■ Task objective ■
Only the lines from the "Demasiados clicks para" line through the last line of the material below belong in the answer, reproduced exactly and with no pictures.

### Supplied information

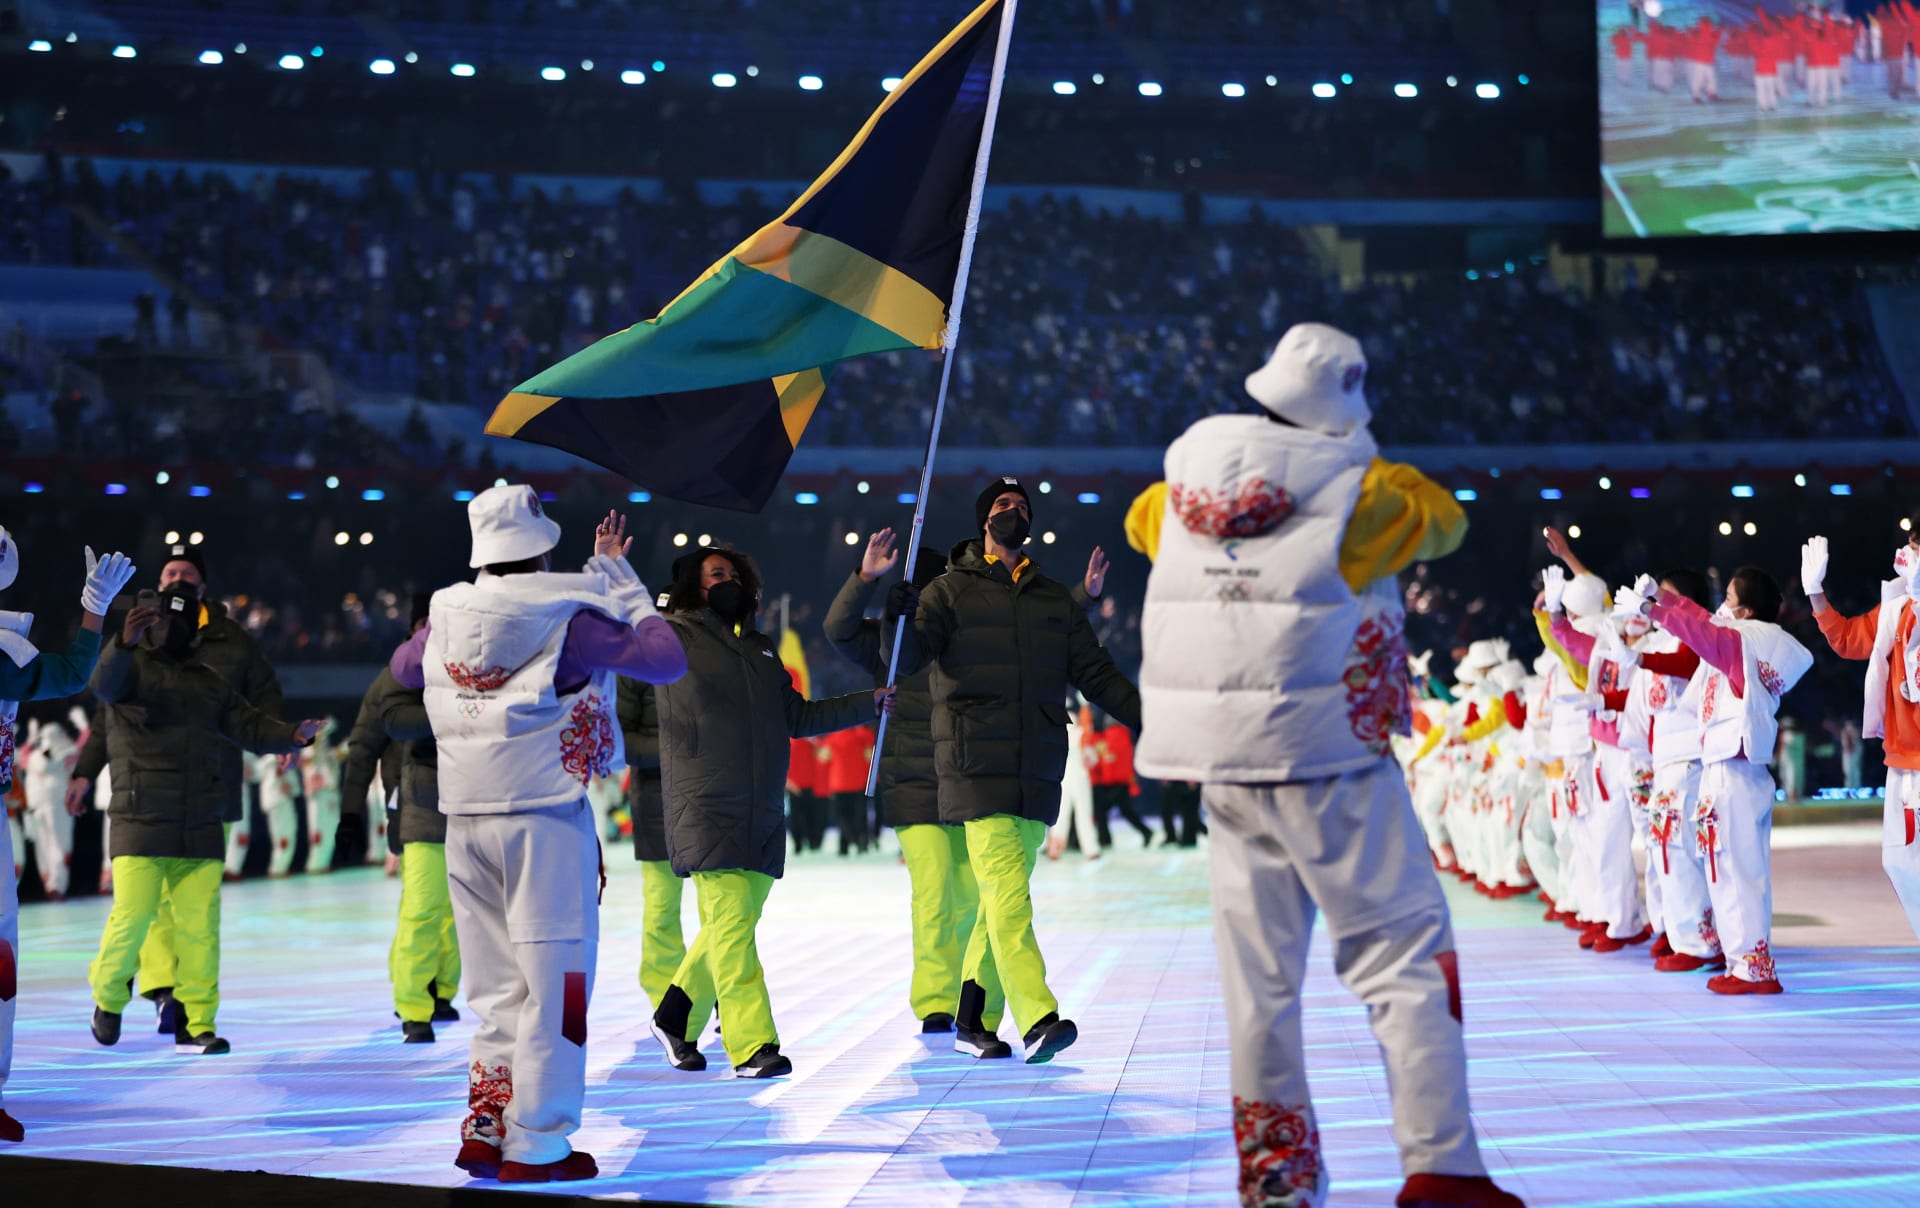 Benjamin Alexander se stal jedním z vlajkonošů jamajské výpravy při zahajovacím ceremoniálu v Pekingu.
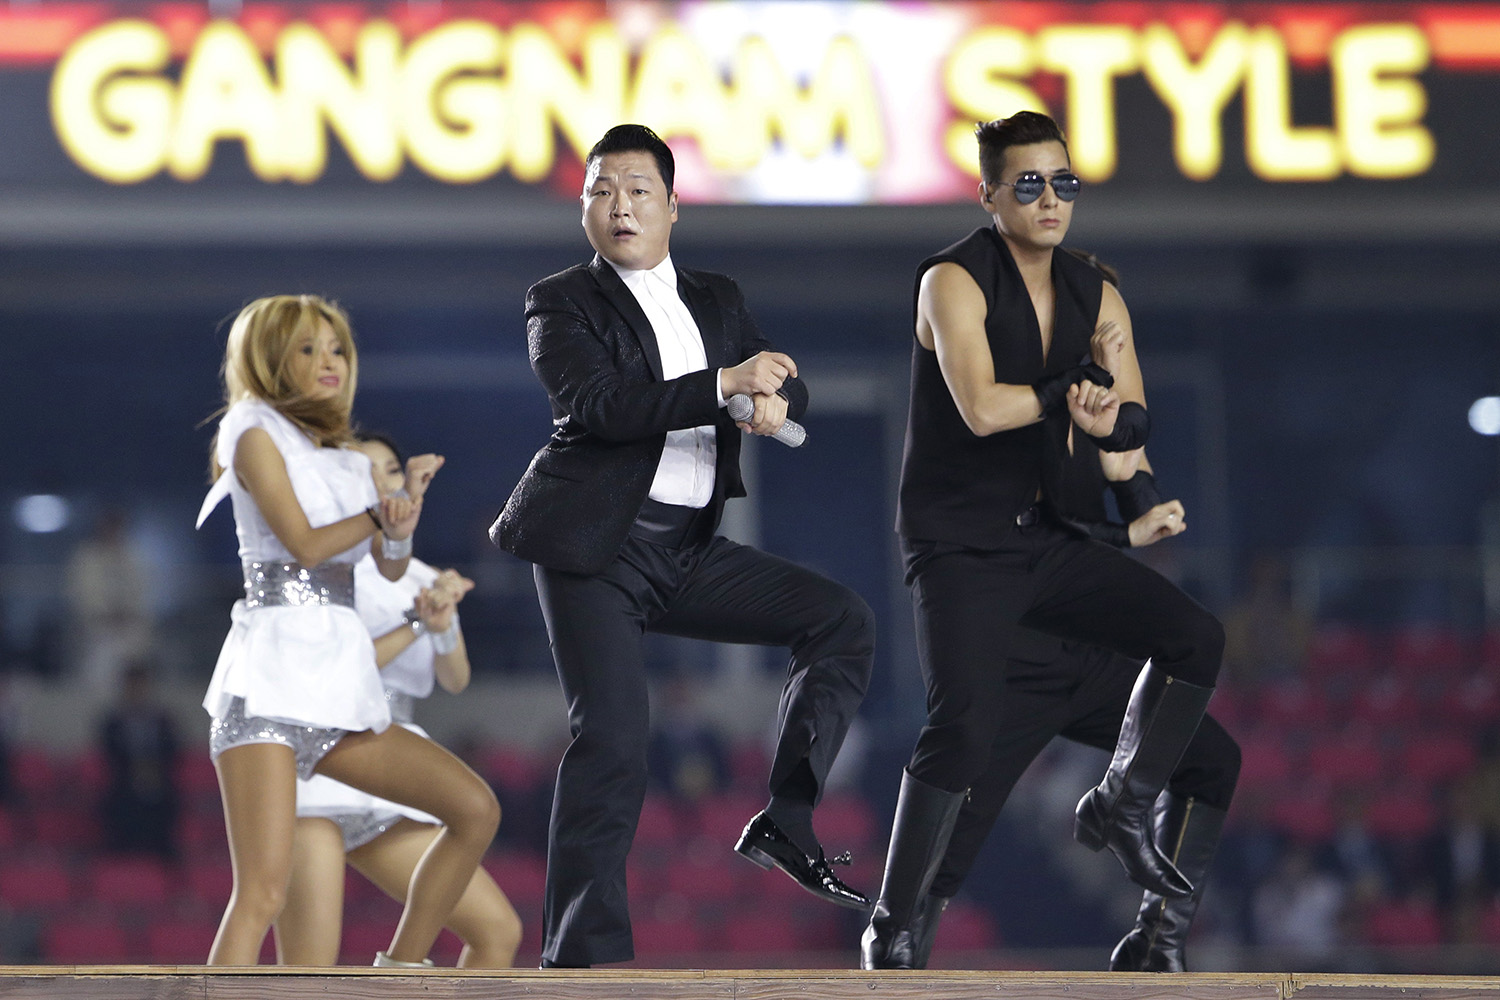 Demasiados clicks para el video de la canción Gangnam Style
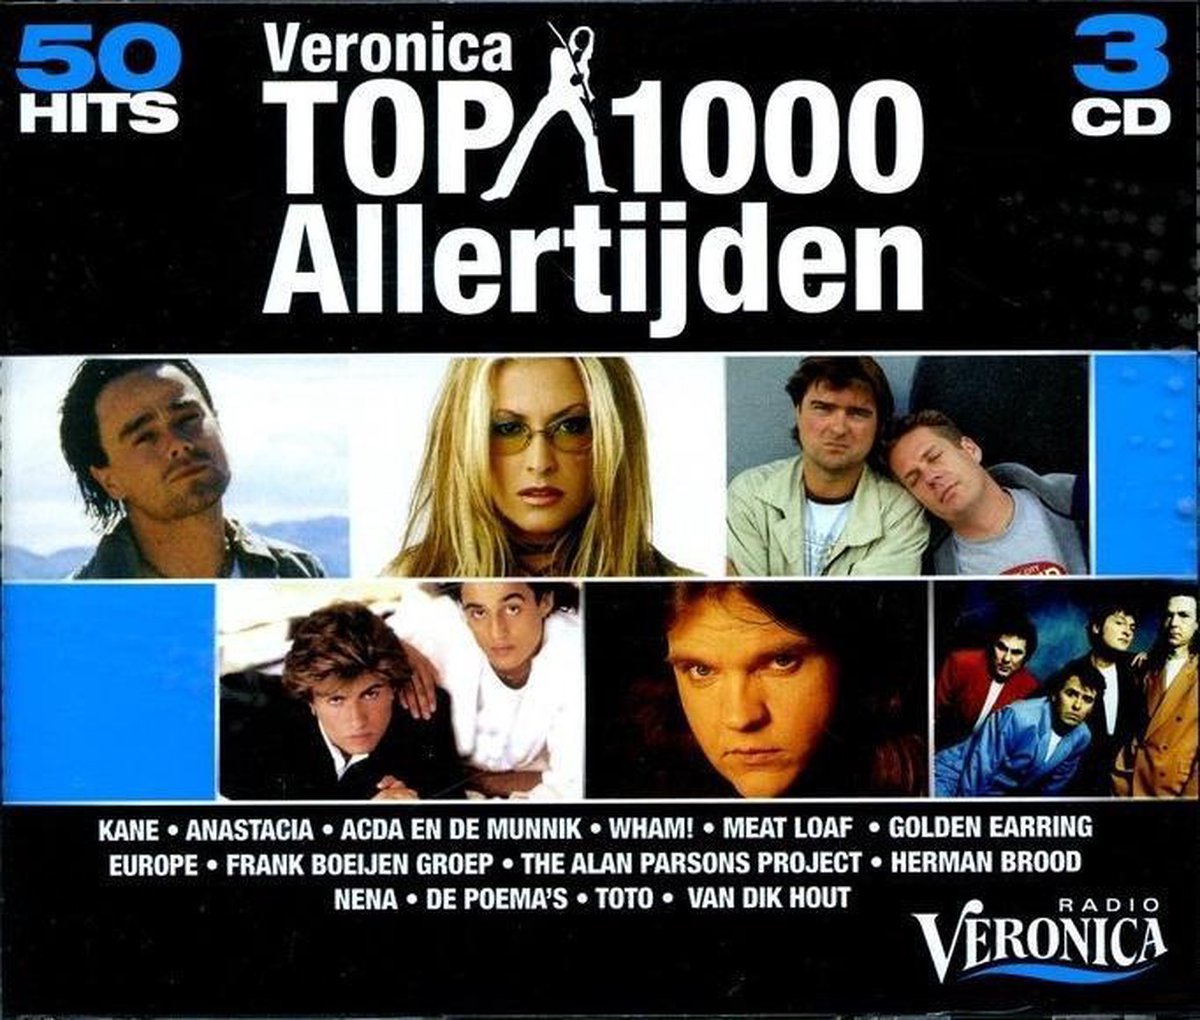 Veronica top 1000 allertijden (2008), Radio Veronica | CD (album) | Muziek  | bol.com

######

■ Answer for the task ■
 Demasiados clicks para el video de la canción Gangnam Style
 Veronica top 1000 allertijden (2008), Radio Veronica | CD (album) | Muziek  | bol.com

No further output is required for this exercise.